If information technology made billionaires, nanotechnology will make trillionaires, Das said, quoting Microsoft founder Bill Gates.

In the world of nanotechnology, things are measured in almost incomprehensible small sizes. The standard measurement is a nanometer - and 80,000 of them can fit on the width of a human hair. Ten hydrogen atoms measure one nanometer.

The National Science Foundation defines nanotechnology as anything smaller than 100 nanometers. Das is trying to build devices five to 10 nanometers in size.

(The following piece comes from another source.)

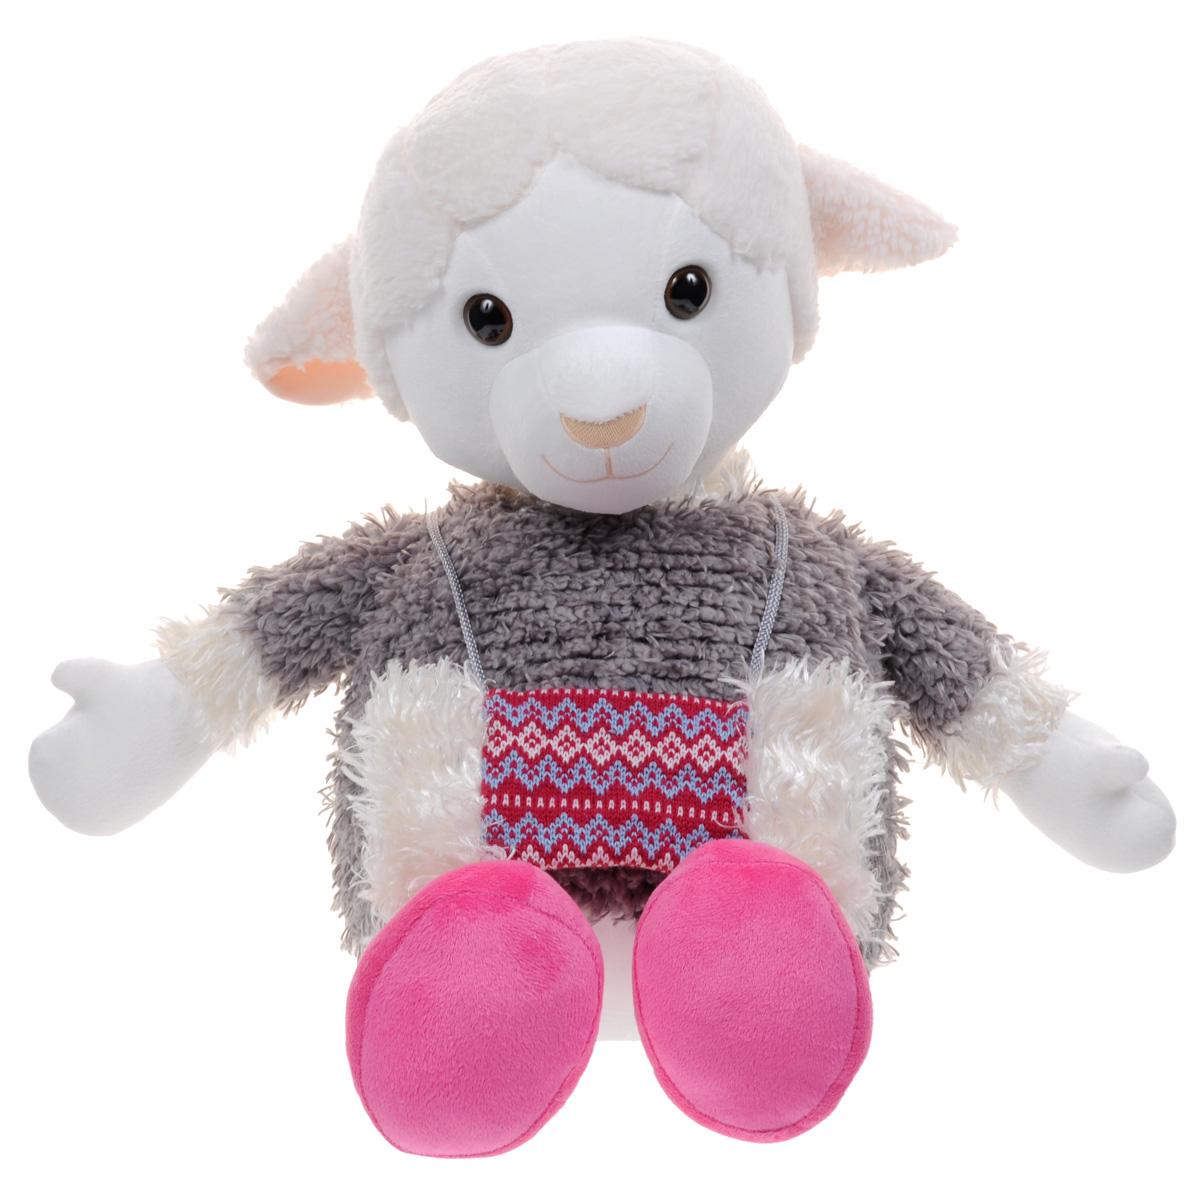 Мягкая игрушка Fancy Овечка Люси, 56 смOVYU2Очаровательная мягкая игрушка Fancy Овечка Люси, выполненная в виде улыбающейся овечки серого цвета с добрыми глазками, вызовет умиление и улыбку у каждого, кто ее увидит. У овечки есть муфта с красивым орнаментом. Она вешается на шею, ее можно снимать. Удивительно мягкая игрушка принесет радость и подарит своему обладателю мгновения нежных объятий и приятных воспоминаний. Великолепное качество исполнения делают эту игрушку чудесным подарком к любому празднику.
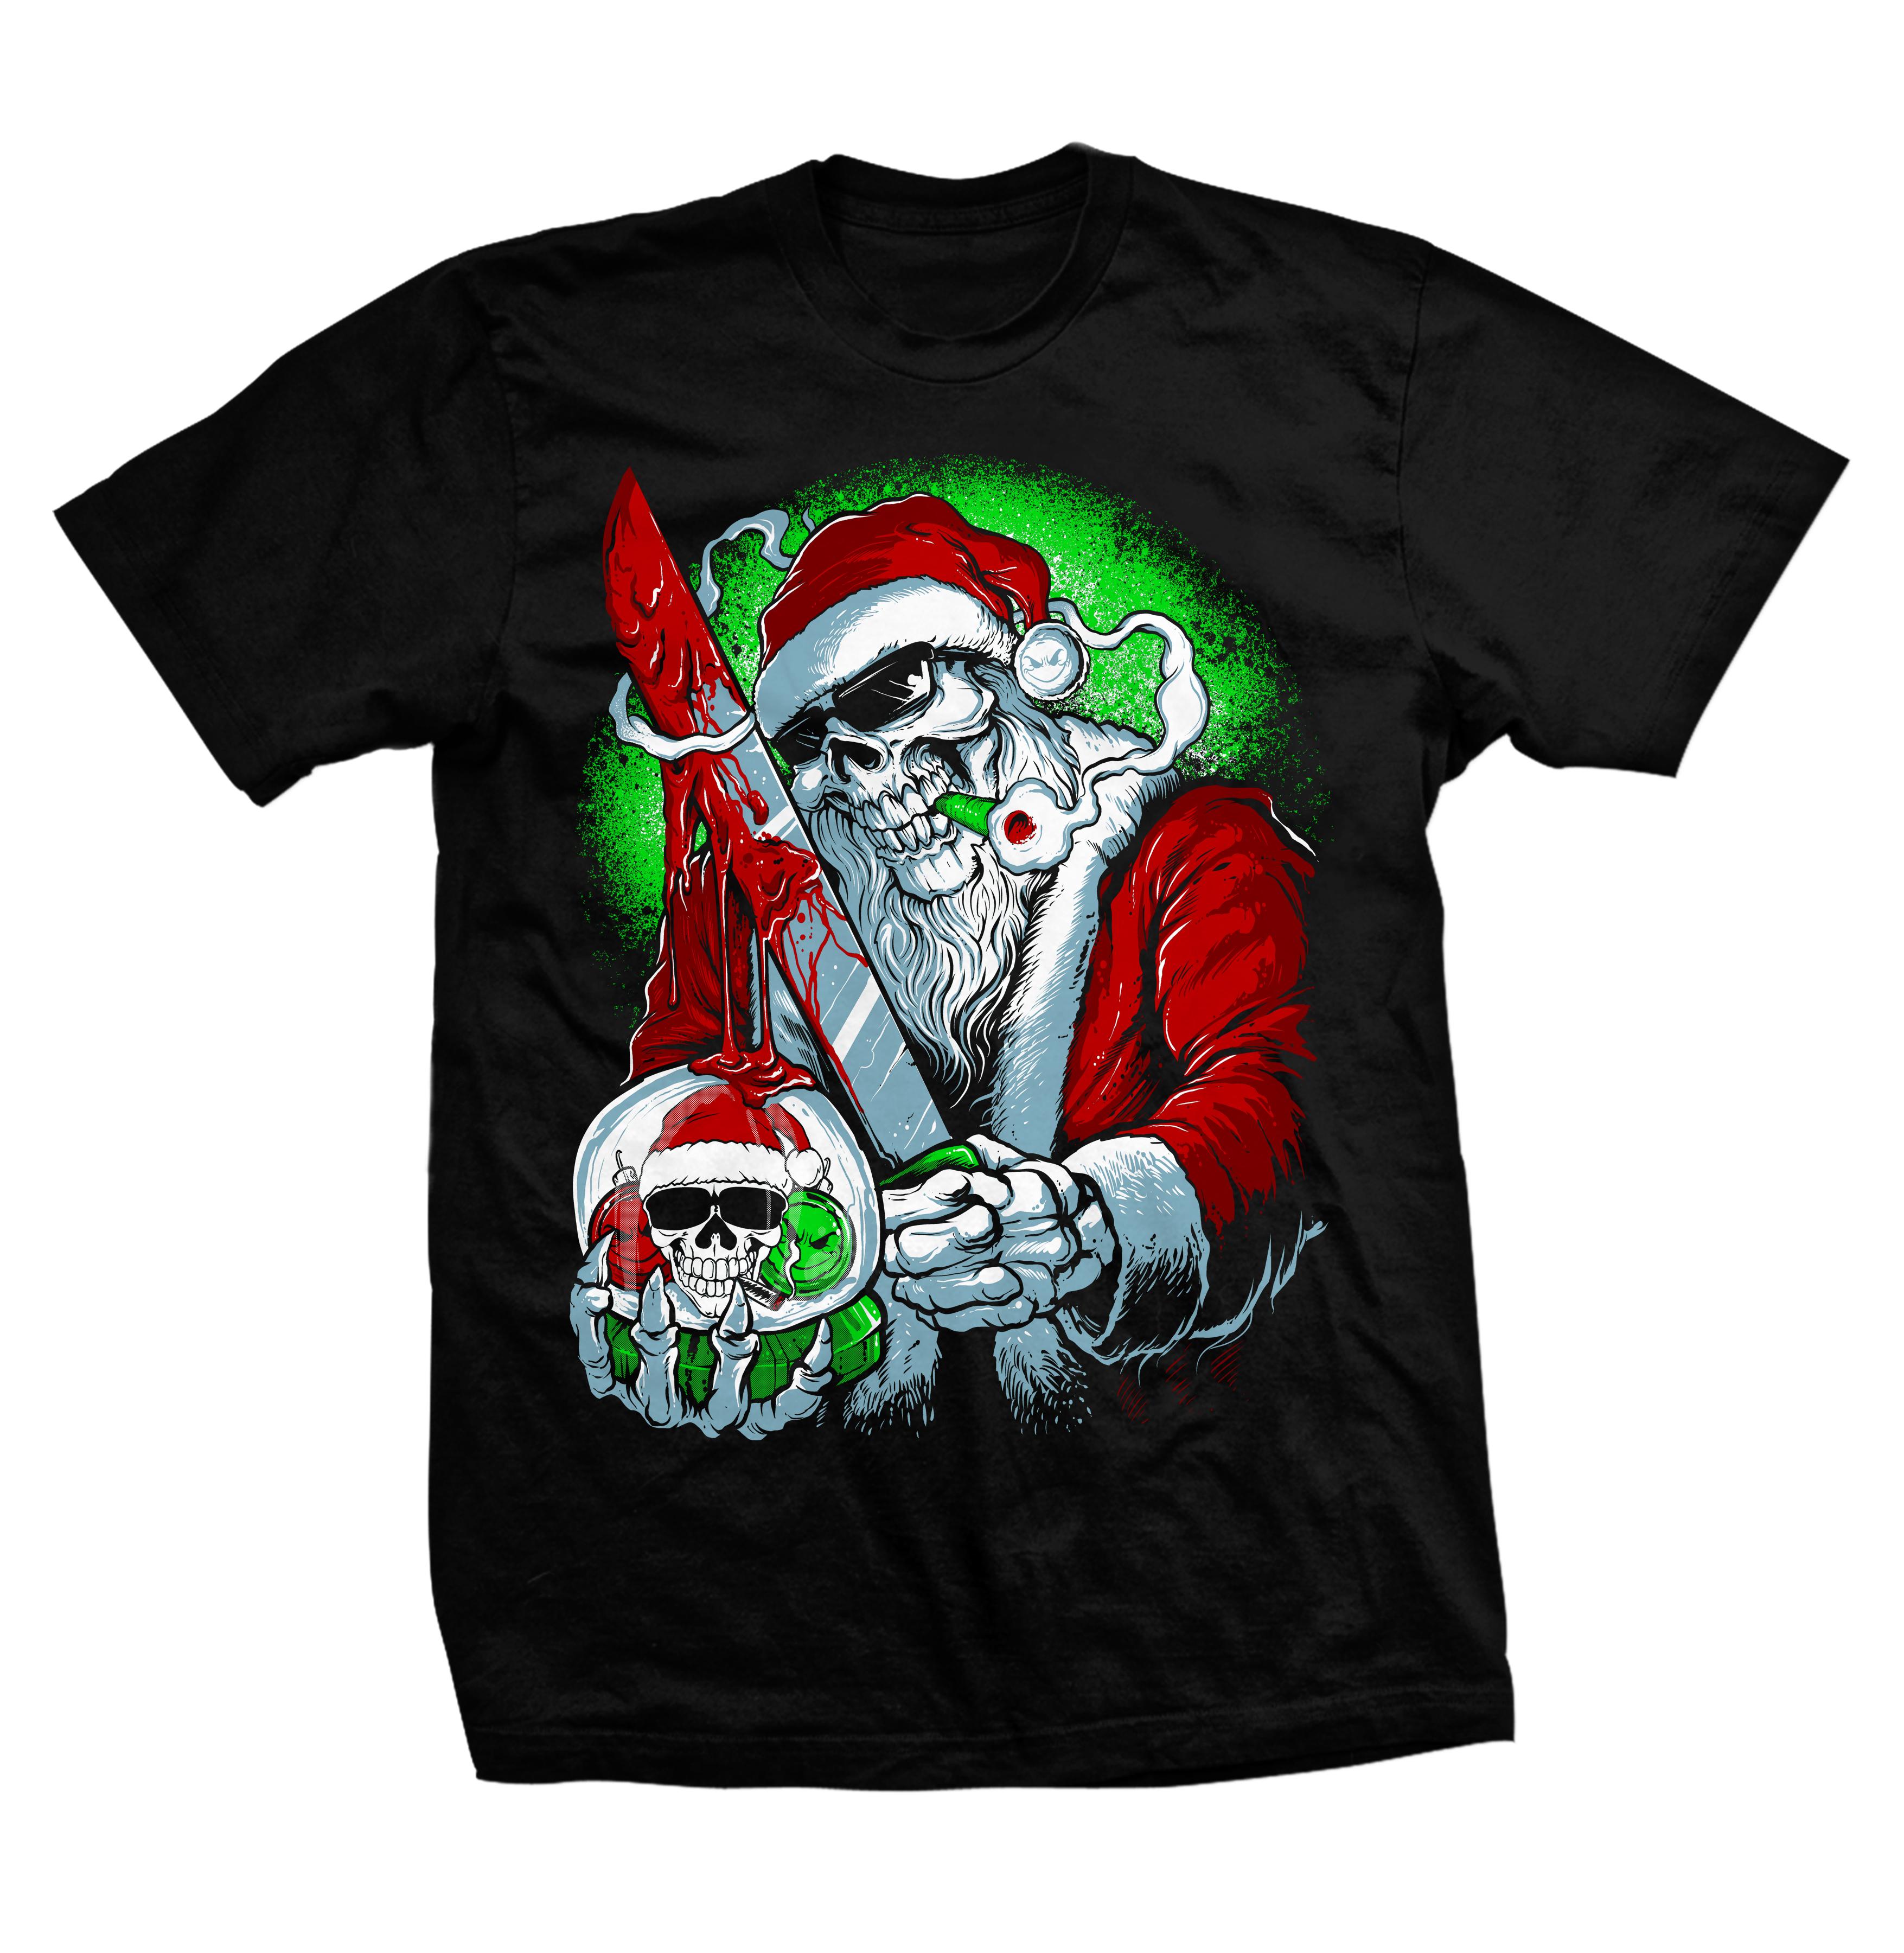 Santa Joe T-shirt

The goal of Das' main work in nanoelectronics is to create new devices or computer parts that are faster, more powerful, and as tiny as possible. The dream: computers the size of a sugar cube.

Researchers in nanotechnology are essentially trying to mimic nature, which takes a few basic materials and, atom by atom, creates something as complex as a human being.

Current manufacturing techniques create items from the top down, whittling away at raw materials to create something new, Das said.

By building up from the molecular level instead, researchers have found they can create better materials and have greater control over fundamental properties such as color and strength.

Nanotechnology is possible because of advances in microscopes and computer imaging. But its application is limited until researchers figure out how to mass-produce electrical devices smaller than 100 nanometers.

That's where Das comes in. He has designed more precise manufacturing equipment unlike anything in the world, and he is working to create electronic devices using Intel's silicon wafers so his work can be immediately applied in the marketplace.

Das invented a machine that allows him to shoot nano-sized pieces of metals, semiconductors or insulation in patterns or layers onto silicon wafers - important progress in constructing electrical devices. Das designed the equipment, named the UNLV Nano Deposition machine, and a company in Oxford, England, built it.

An advanced version, nicknamed the "dream machine" and to be unveiled this summer, will use an electrical charge to better guide the particles to specific spots, like a magnet. This will move Das closer to building an electronic device such as a transistor on a scale one-fifth the size currently possible.

A glance at Das' own work shows the endless possibilities of harnessing microscopic particles.

Das wants regents to create a Nevada Nanotechnology Center to link advances in nanotechnology with other campus disciplines, including other engineering fields, biology and health sciences.

His goal is to attract other top-drawer researchers, both faculty and graduate students, to work at the center and increase its ability to attract federal grants and to partner with local industries on nanotechnology.

That's easier said than done, however. Das has $2 million in grant money from multiple organizations, including the National Science Foundation and the Energy Department, to hire his staff and buy his equipment. But he has no other consistent funding source to recruit faculty or to guarantee positions beyond a year at a time.

His experience at UNLV has also been less than optimum. If his wife hadn't been working alongside him to take care of the administrative issues, he said he would have returned to West Virginia.

UNLV has a long way to go to build the support structure necessary to aid researchers such as Das, said Engineering Dean Eric Sandgren and Tom Williams, executive director of UNLV's Research Foundation.

Part of the challenge, Sandgren said, includes freeing Das from the day-to-day headaches of operating the lab so he can focus on research.

The College of Engineering is strapped for space until the new building is finished in 2008, and it needs to add professors in every department if it wants to compete for grants, Sandgren said.

In the meantime, the Research Foundation is raising money to at least be able to pay Chakraborty for her time, Williams said. Chakraborty just wants to see the university "get more mileage out of BJ."

"What keeps me going," she said, "is that I think he can make something that really can be of use in the world."